Ich war mit dem Buch auch ziemlich schnell durch. Leicht zu lesen. Jedoch inhaltlich, finde ich etwas schwere Kost. Für meinen Geschmack teilweise etwas zu grausam oder makaber. Man gewöhnt sich an Charaktere die dann einfach umgebracht werden. Die Schicksalsschläge und das Eiskalte, Rücksichtslose, Wurschtige Verhalten mancher Gesetzeshüter drehte mir jedoch manchmal einfach den Magen um. Auf der anderen Seite sehr belustigende, sarkastische Fragmente. Ich finde auch, daß sehr schnell ein klarer Verdacht entsteht.
Aber selber lesen. Eigene Meinung bilden.

29.08.2004 20:03:13
sabrina

Kann daniel nur zustimmen. finde dieses buch von nesser auch im vergleich zu den mankell büchern, eher belanglos. ein wallander und seine umgebung ist irgendwie intensiver. vielleicht muss man aber auch einfach mal die anderen bücher noch lesen...

30.06.2004 12:19:06
Max

Kann Linus9s und Björns Meinung nur zustimmen! Ein super Buch und hier liegt in der Kürze die Würze! Hervorzuheben ist vor allem der Humor von Nesser - da kommt man häufig ins Schmunzeln...

06.05.2004 19:46:26
Bjoern

Das Buch hat mir sehr gut gefallen. Nachdem ich zu erst: "Die Schwalbe...:" gelesen habe, ist dies nun mein zweites Nesser Buch. Die Sprache ist wieder umwerfend gut und er kommt nicht ganz so moralisch wie Mr. Mankell um die Ecke. Klasse Buch....nach drei
Tagen war ich fertig.

Björn

28.09.2003 22:53:50
Linus9

Ein toller Krimi! Silke? Der Täter war klar???? Da muss mir was entgangen sein? Und Daniel: Man sollte Mankell nicht mit Nesser vergleichen. Die Mankell-Bücher sind halt feiner gestrickt! Ich finde Mankell auch total klasse. Es ist das erste Buch von Nesser, das ich von ihm gelesen habe und ich denke, dieser Krimi ist gut gelungen. Freue mich auf die nächsten!

02.05.2003 16:57:08
Daniel Lienhard

Da bin ich mit den Ansichten von Coca und Silke gar nicht einer Meinung. Nachdem ich alle Mankells gelesen habe, erschien mir dieser Krimi etwas fad.
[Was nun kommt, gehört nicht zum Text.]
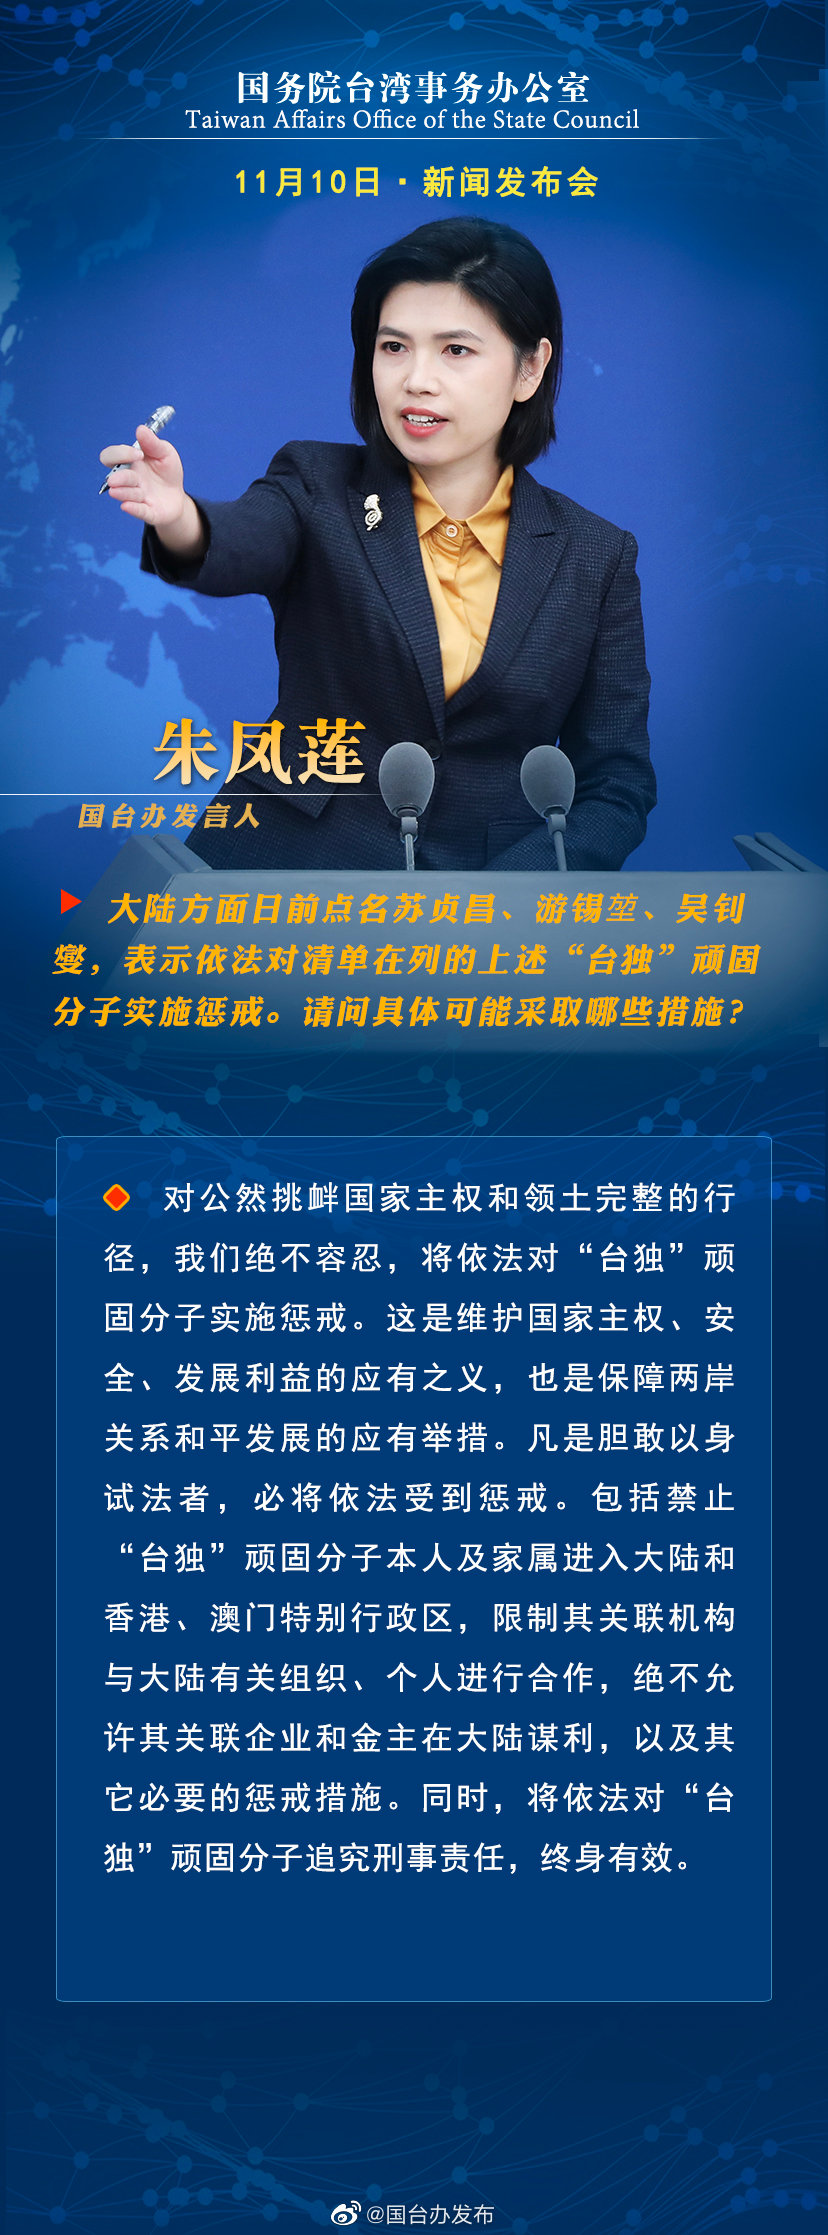 国务院台湾事务办公室11月10日·新闻发布会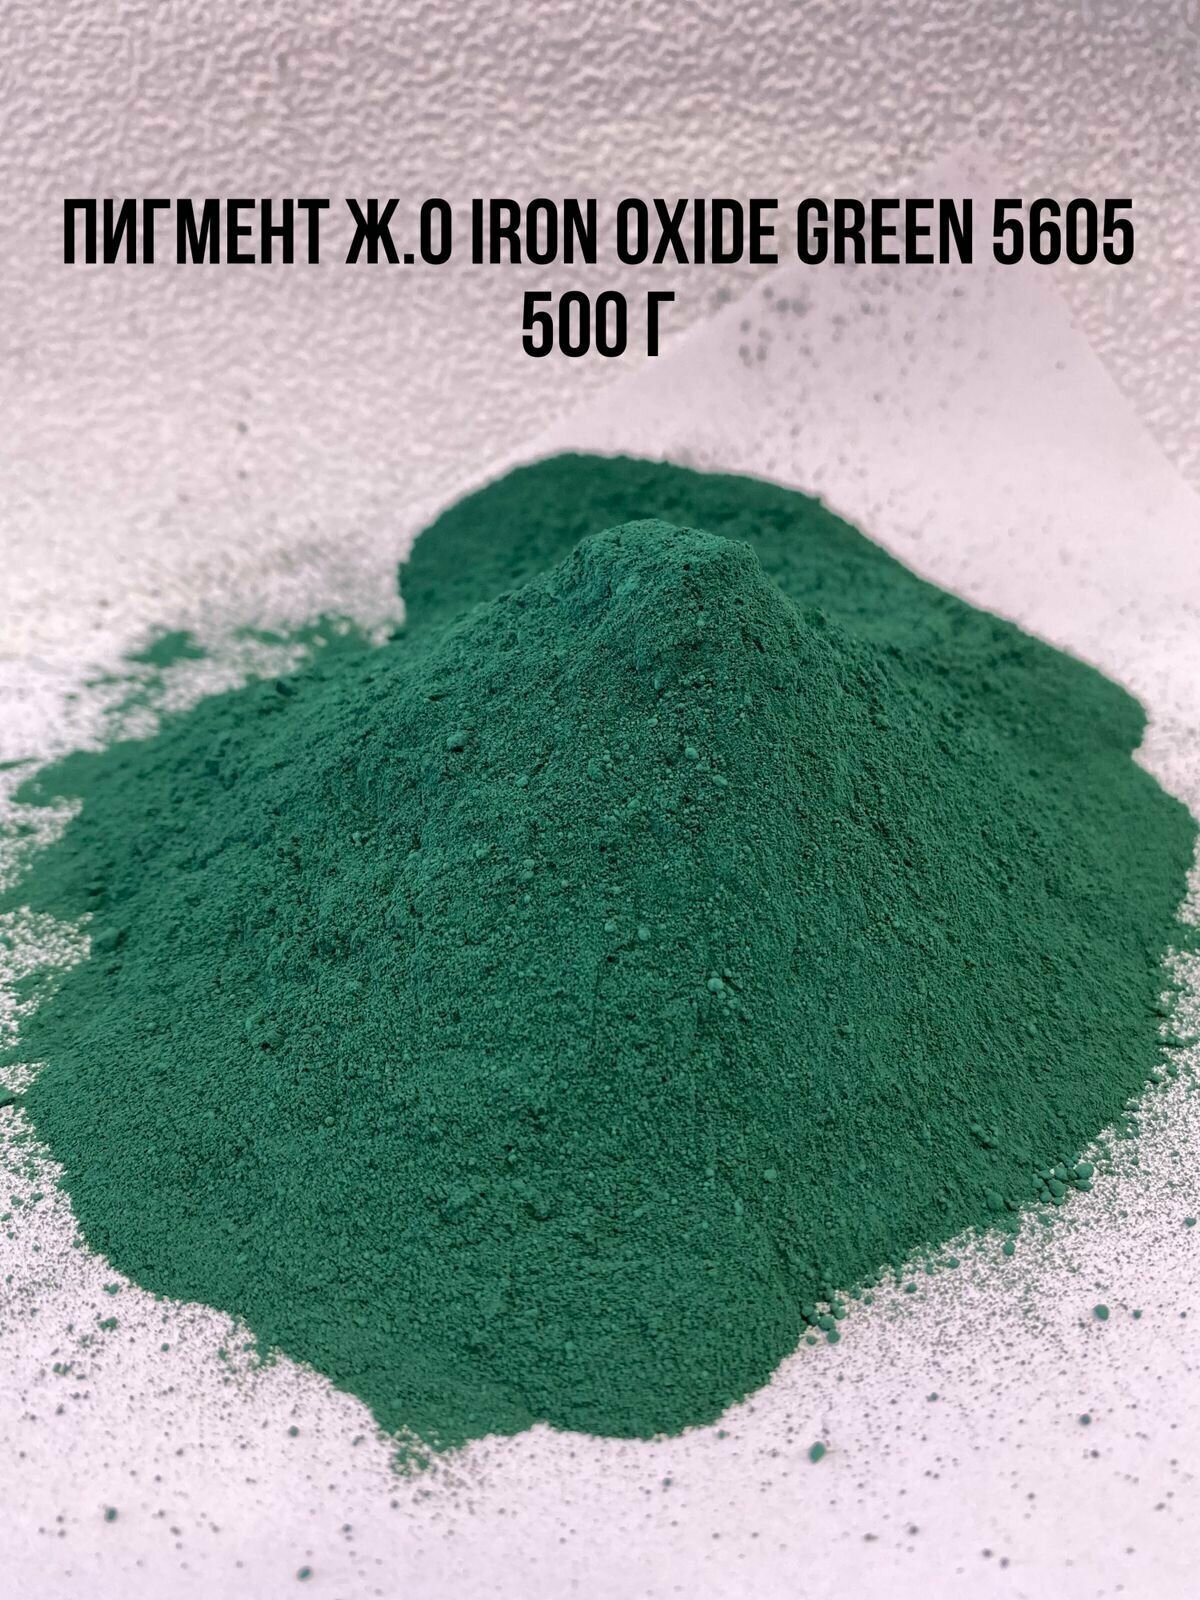 Пигмент зеленый Iron Oxide GREEN 5605 железооксидный TONGCHEM вес 500 г для бетона, гипса, добавка в раствор. Сухой колер.

Ich hoffe auf Besserung, nachdem Nesser doch hochgelobt wurde.

03.04.2003 13:35:13
Coca

Spitze Krimi, kann ich nur weiterempfehlen. Ich habe dieses Buch grade verschlungen so interessant und spannend fand ich es. Einfach nur genial.

30.12.2002 16:53:55
Silke

Super Krimi, Wenn auch der Täter ziemlich klar ist, aber das warum ist gu!